Beyond just eliminating the need to fixate on conversations, having more players independently control themselves affords more opportunities to discover new areas or items, or even succeed at different world events like lockpicking or puzzle solving. The entire weight of your campaign is no longer on your shoulders. While a chaos adventure isn’t always the most appropriate solution, it demonstrates the sheer flexibility that each Baldur’s Gate 3 run is ultimately whatever you want it to be, especially with friends.
Cognitive Accessibility Barriers
Remember everything I just said about Baldur’s Gate 3? Those inclusive design decisions and accessibility benefits drastically reduce the less players you have in your campaign. And if you’re playing alone, every interaction, decision, discovery, or combat scenario is a direct result of your actions. Yes, there are numerous tutorials, and even a journal to keep track of quests and important information, but the paralyzing feeling of making the wrong choice will persist.
Do I have enough magical artifacts for Gale to consume? Am I equipping my party with the best gear possible? Who has the best Perception to detect traps and valuables in this cave? Do I really need to let Astarion bite my neck? Every time I play by myself, I struggle to not fixate on every minute detail. And for those with varying cognitive disabilities, especially ones related to analysis paralysis, Baldur’s Gate 3 has the potential to be a constant overloading experience.
While there are some solutions like playing with friends or even the debatable aspect of ‘save scumming’, there is little in terms of cognitive accessibility designs or options for single players.

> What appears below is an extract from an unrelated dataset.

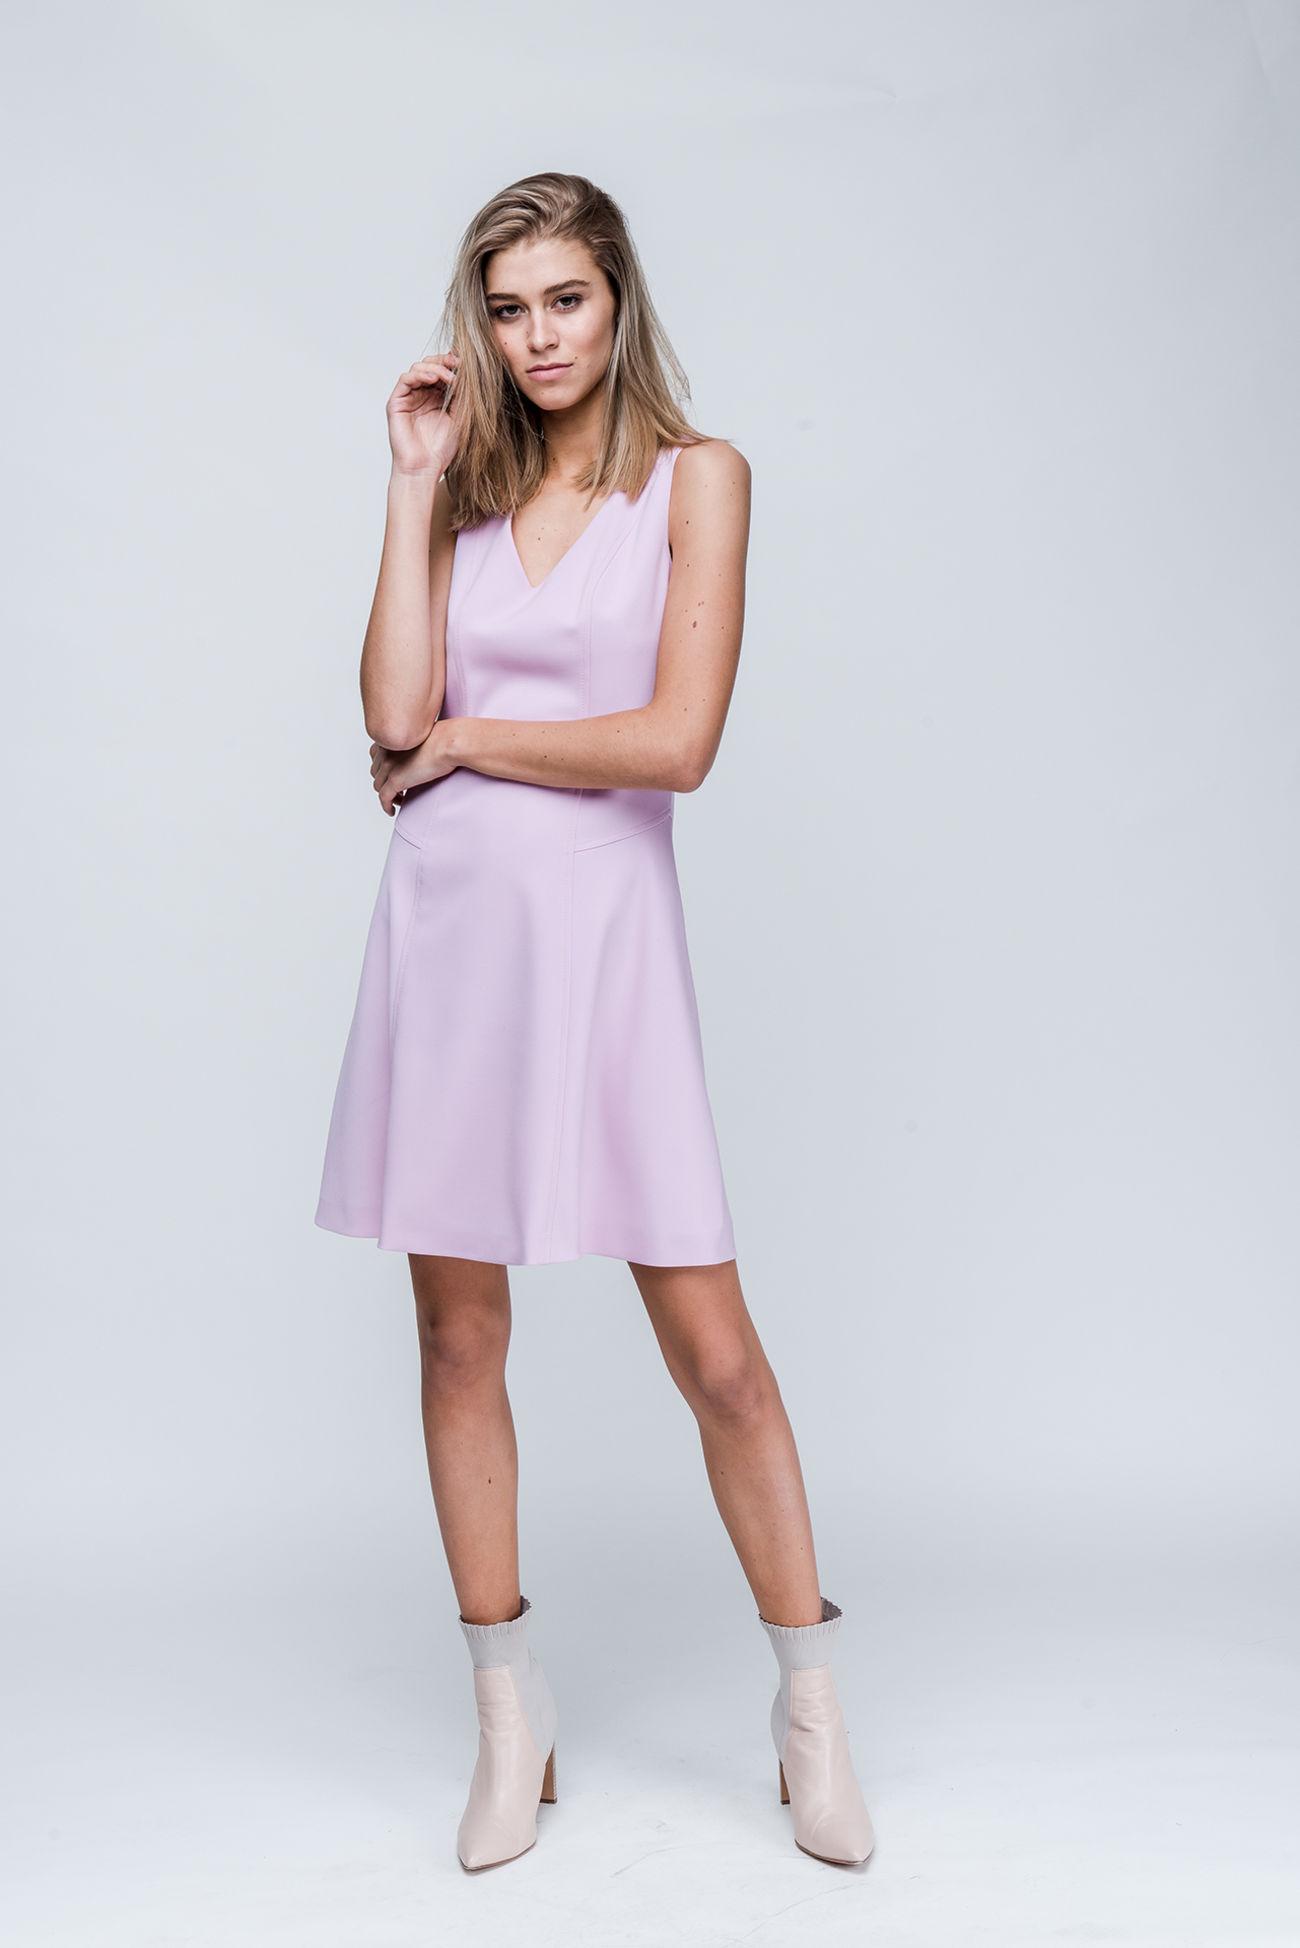 ee5142daa81 Kleid aus Grain de Poudre

This doesn’t necessarily mean that Baldur’s Gate 3 is a completely inaccessible game – remember, the disabled experience is incredibly individualistic. As a physically disabled player, it’s almost perfect for my specific needs.
I don’t have all of the answers on what designs or features cognitively disabled players need to enhance their experience. But I do know that cognitive accessibility is rapidly gaining interest and attention across the industry. From the Dead Space remake, to Celeste, to Grounded’s Arachnophobia settings, accessibility is encompassing more than physical, visual, and aural.
Baldur’s Gate 3 should be praised for its accessibility successes, but also criticized, especially when it falls short. Openly discussing its flaws isn’t indicative of a failed product. Rather, it creates further discussions for players and developers to understand where accessibility needs aren’t being met. For me, it’s quickly becoming my Game of the Year. But that doesn’t mean I can’t highlight concerns for others. No game will ever be perfect for accessibility, and Baldur’s Gate 3 is indicative of an industry needing to grow.